═════ DATA EXCERPT

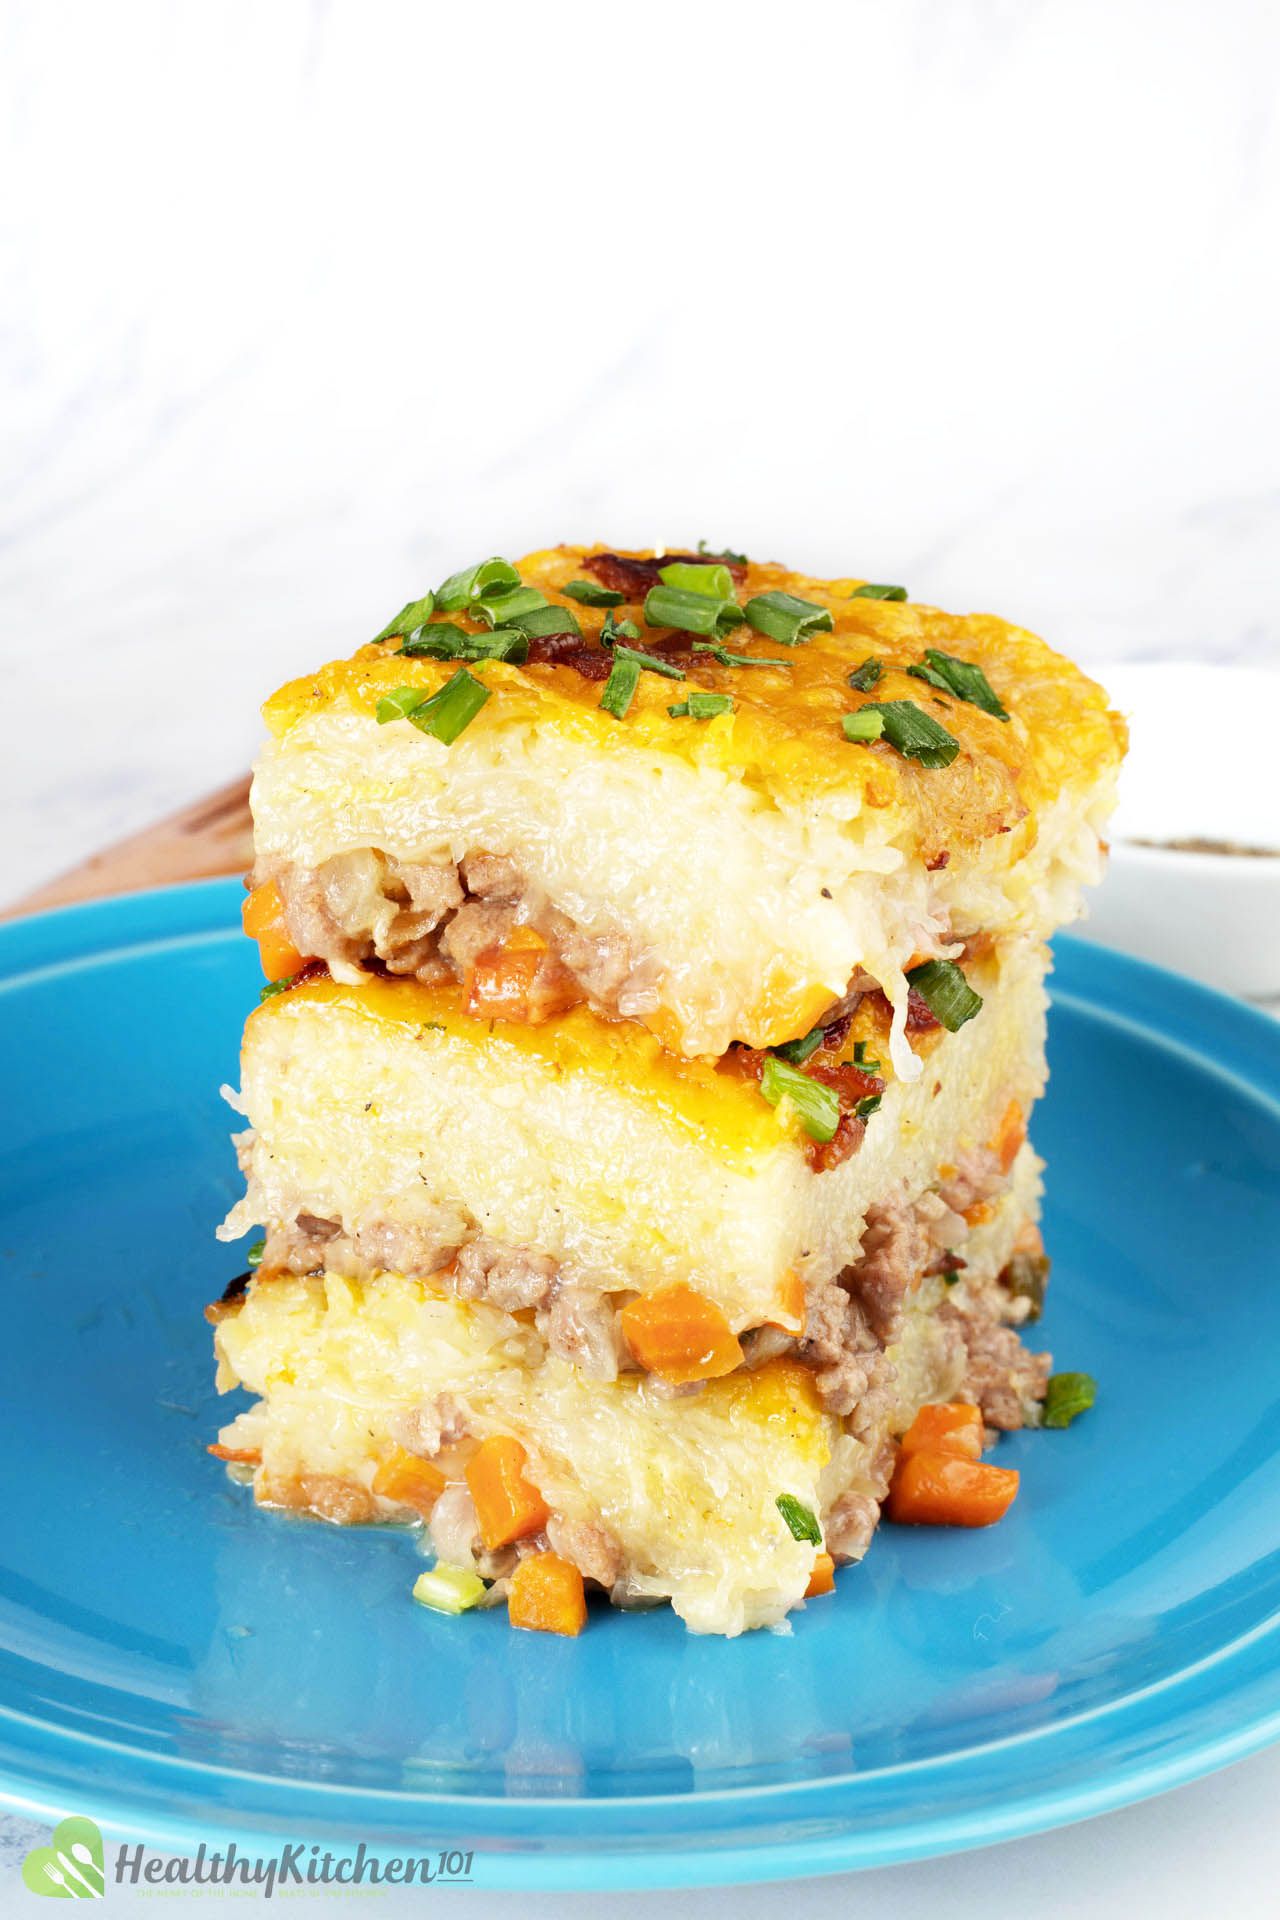 How to Make Hashbrown Casserole
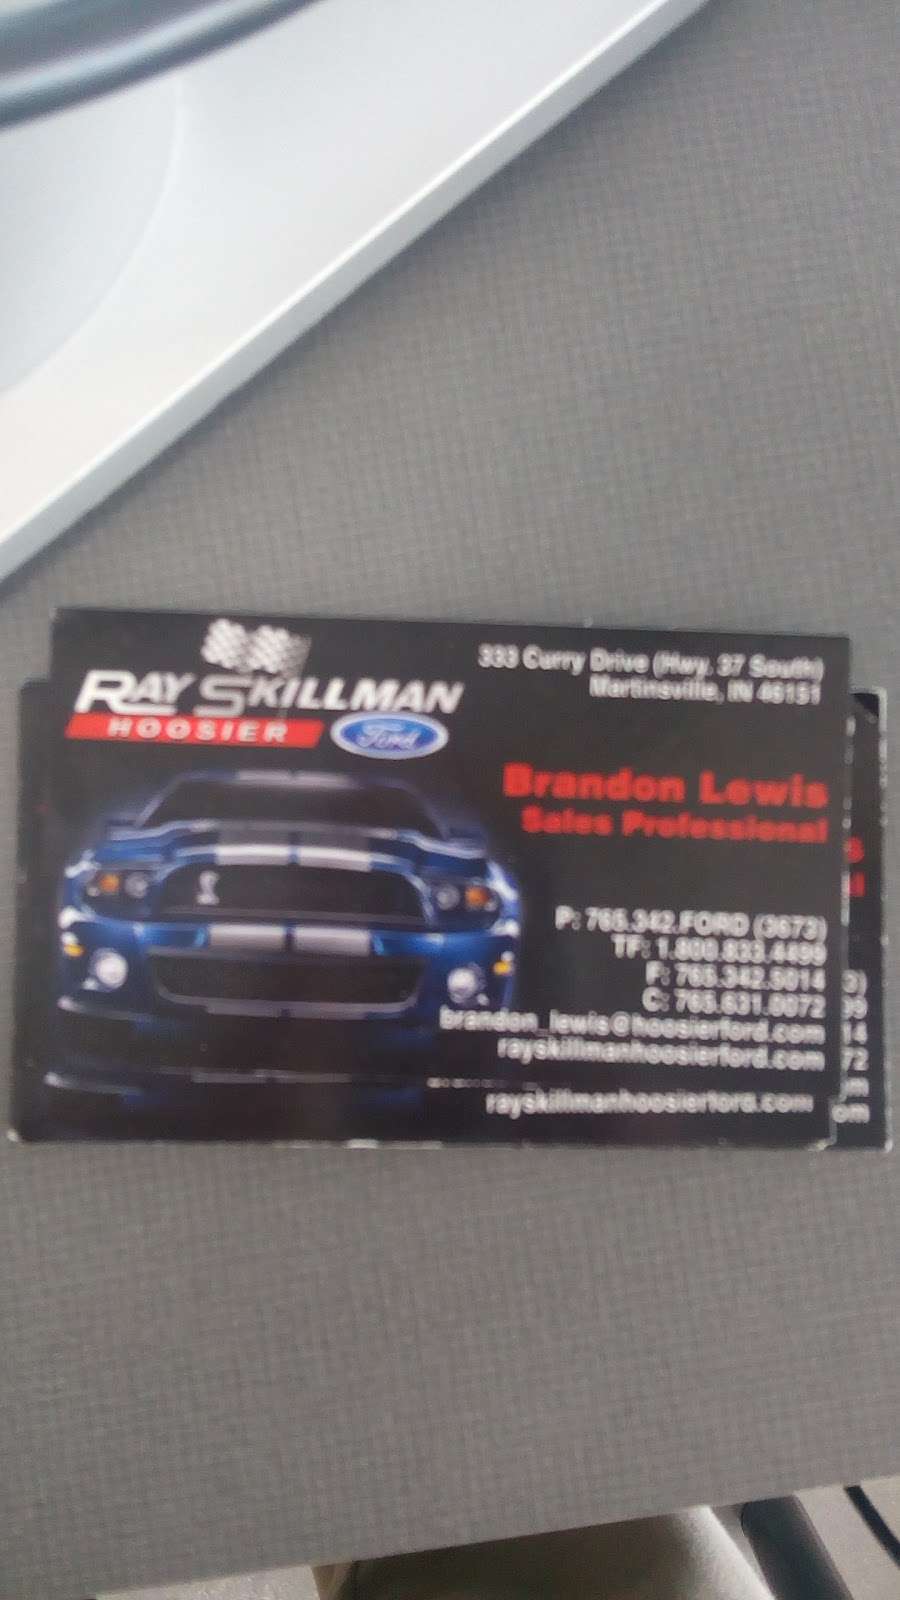 Ray Skillman Hoosier Ford | 333 Robert Curry Dr, Martinsville, IN 46151 | Phone: (765) 342-3673
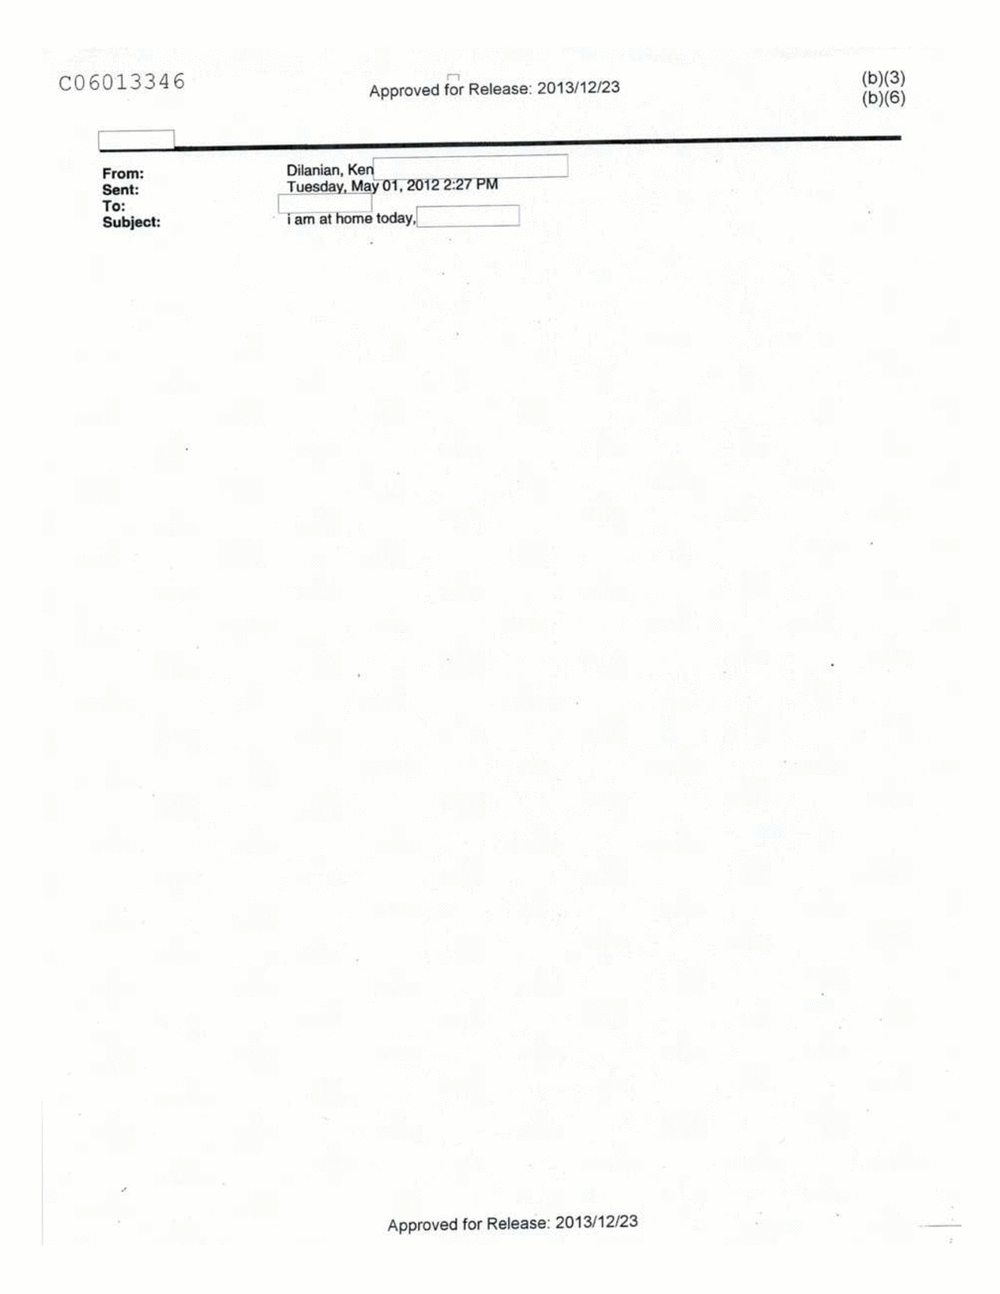 Page 253 from Email Correspondence Between Reporters and CIA Flacks

══════════

» **WHAT TO PRODUCE**: Retype all of the listing word for word and skip the pictures.

» **RESULT FOR THIS TASK**:
 How to Make Hashbrown Casserole
 Ray Skillman Hoosier Ford | 333 Robert Curry Dr, Martinsville, IN 46151 | Phone: (765) 342-3673
 Page 253 from Email Correspondence Between Reporters and CIA Flacks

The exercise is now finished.